▸ Try it: From the first line to the last, return the data exactly, with no pictures.

▸ Recorded information:
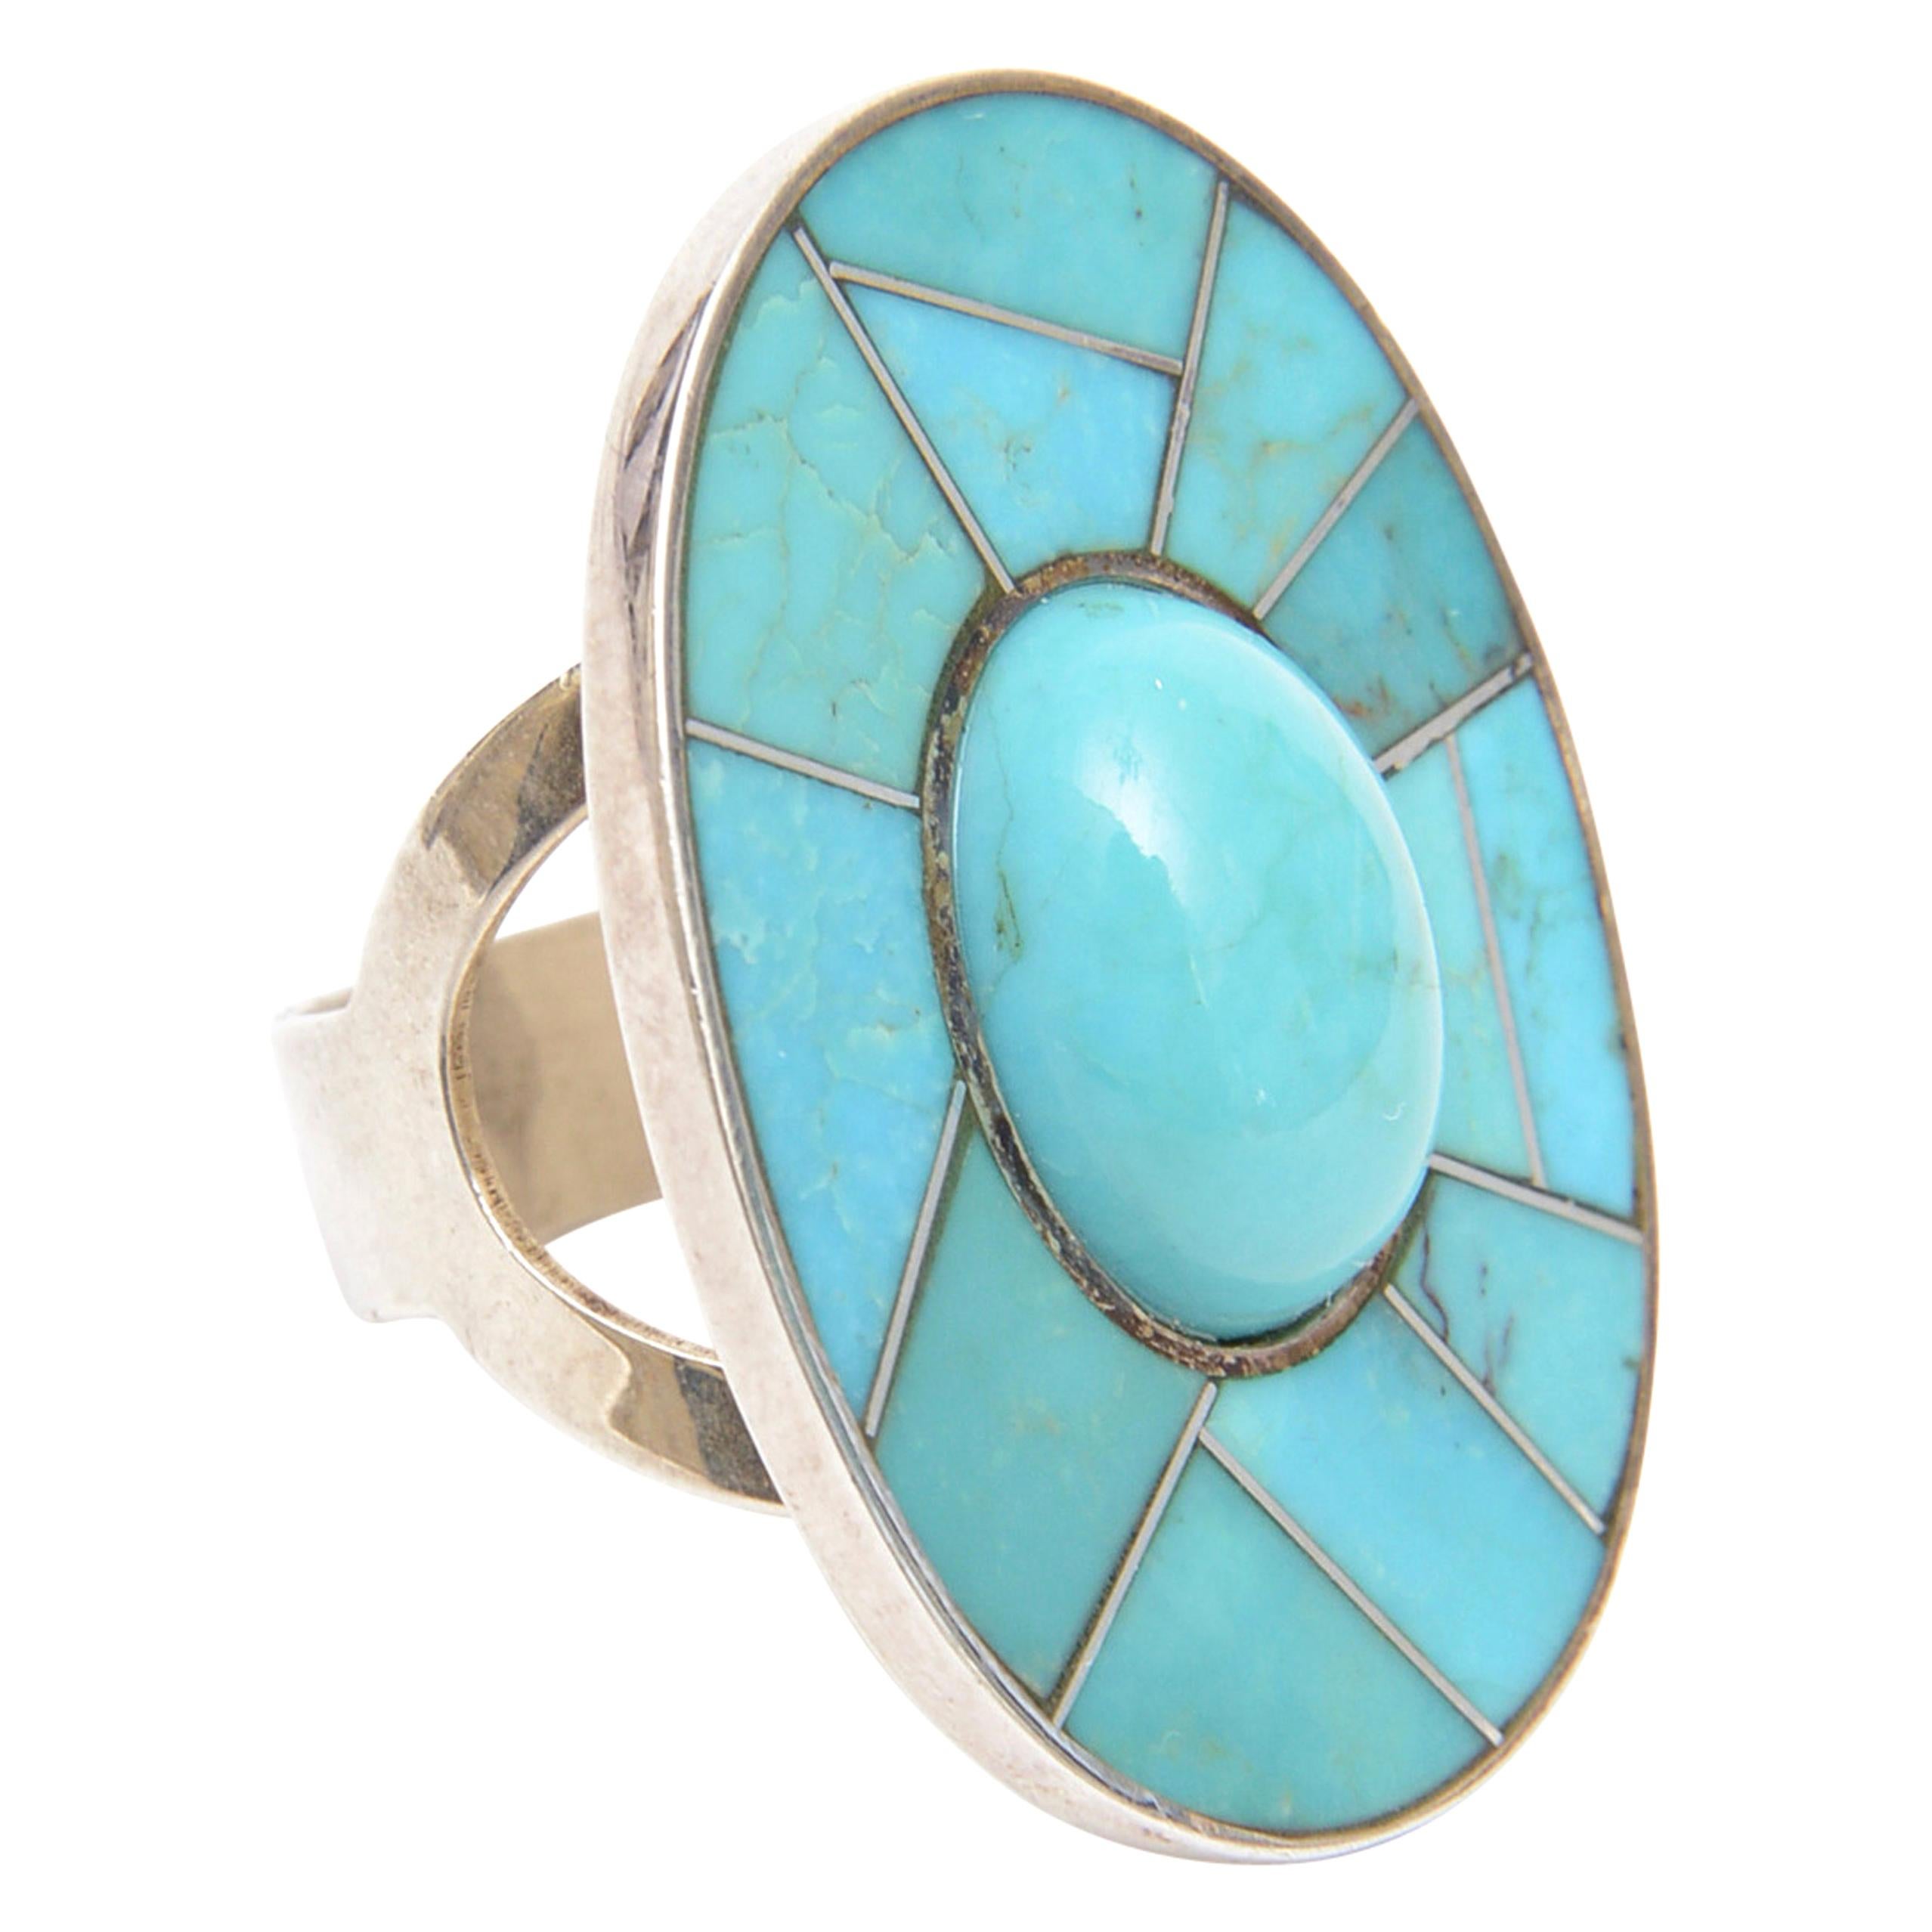  Sterling Silver and Turquoise Sculptural Ring
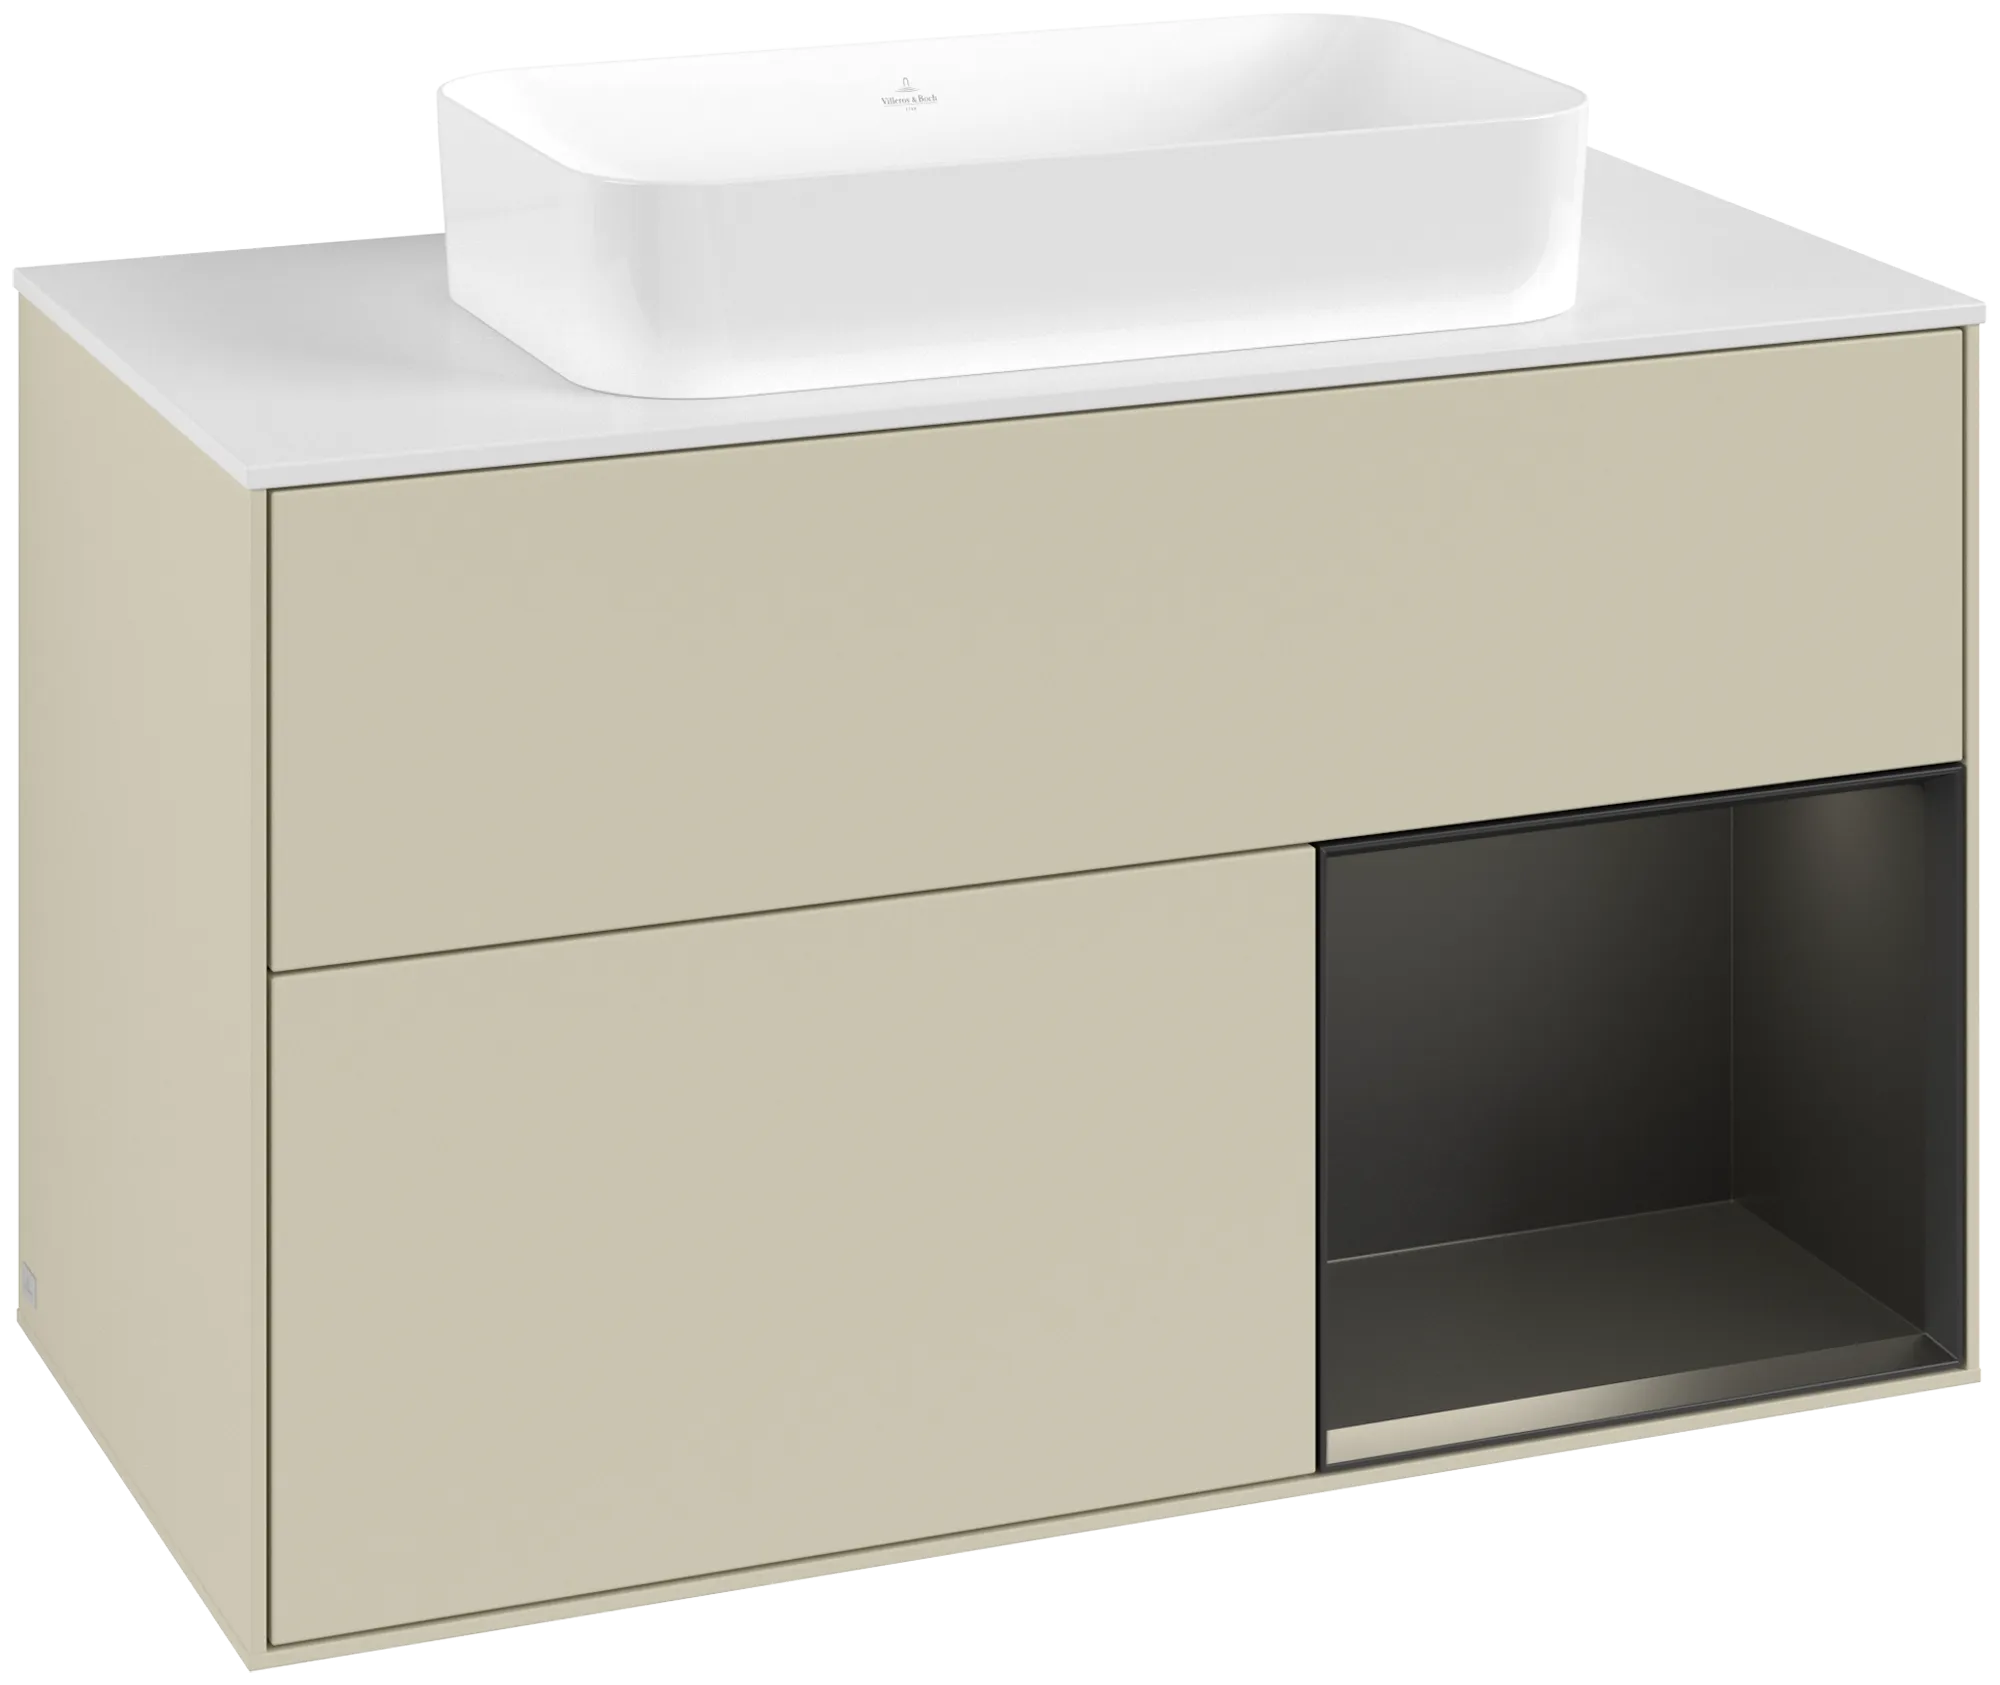 Picture of VILLEROY BOCH Finion Vanity unit, with lighting, 2 pull-out compartments, 1000 x 603 x 501 mm, Silk Grey Matt Lacquer / Black Matt Lacquer / Glass White Matt #G661PDHJ
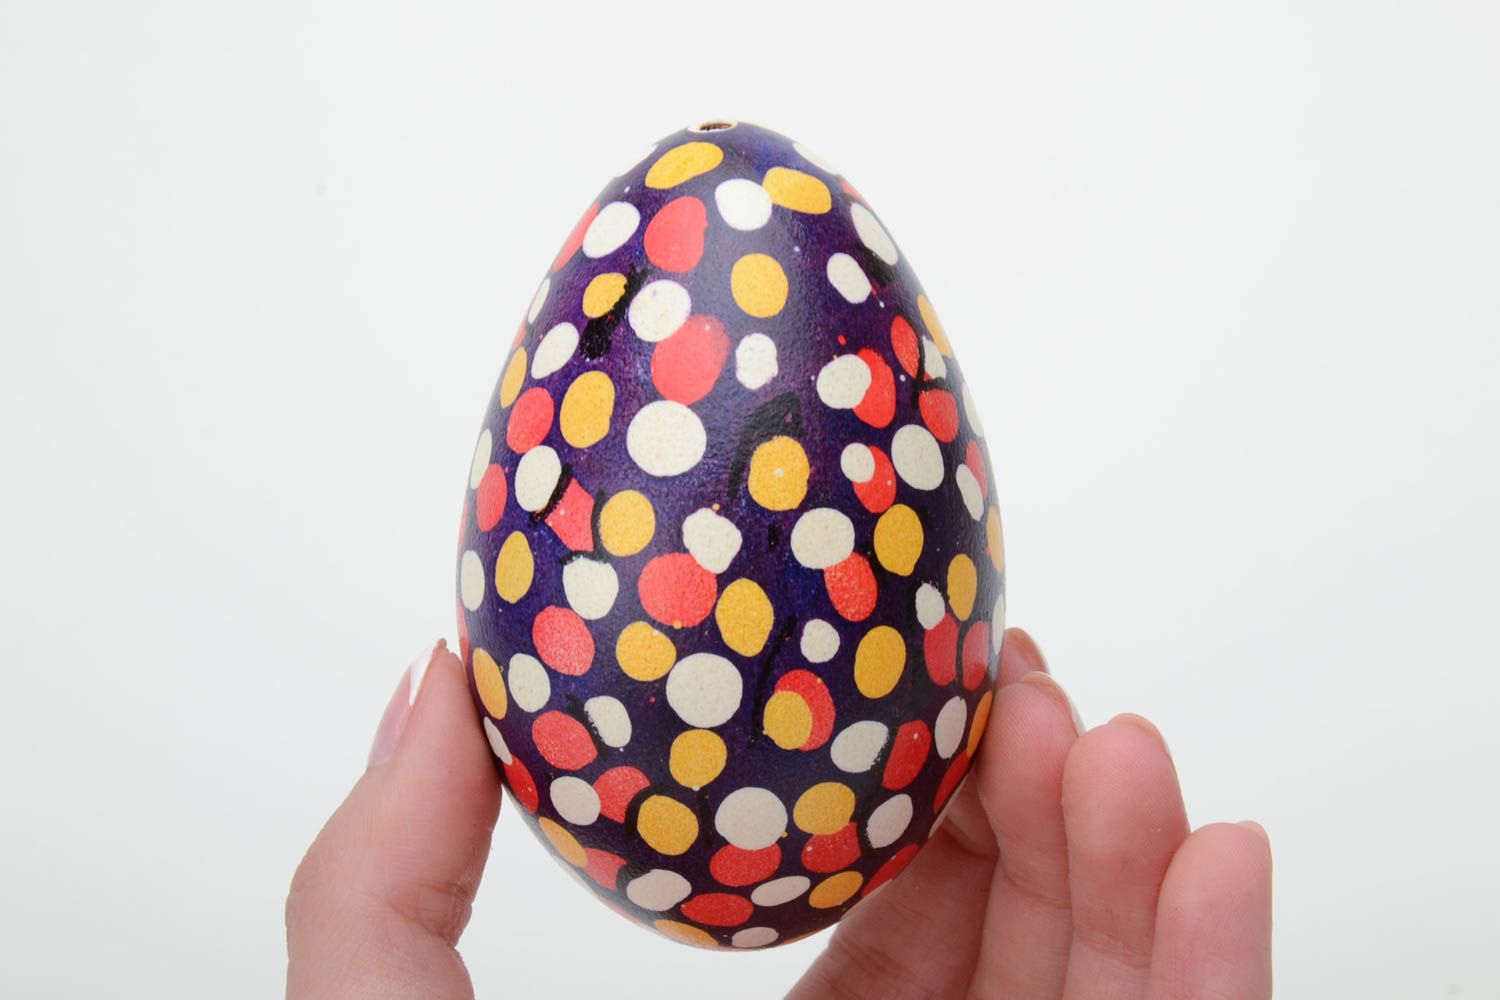 Handmade unusual Easter egg with colorful polka dot pattern on dark background photo 5

▸ Response to the exercise:
  Sterling Silver and Turquoise Sculptural Ring
 Picture of VILLEROY BOCH Finion Vanity unit, with lighting, 2 pull-out compartments, 1000 x 603 x 501 mm, Silk Grey Matt Lacquer / Black Matt Lacquer / Glass White Matt #G661PDHJ
 Handmade unusual Easter egg with colorful polka dot pattern on dark background photo 5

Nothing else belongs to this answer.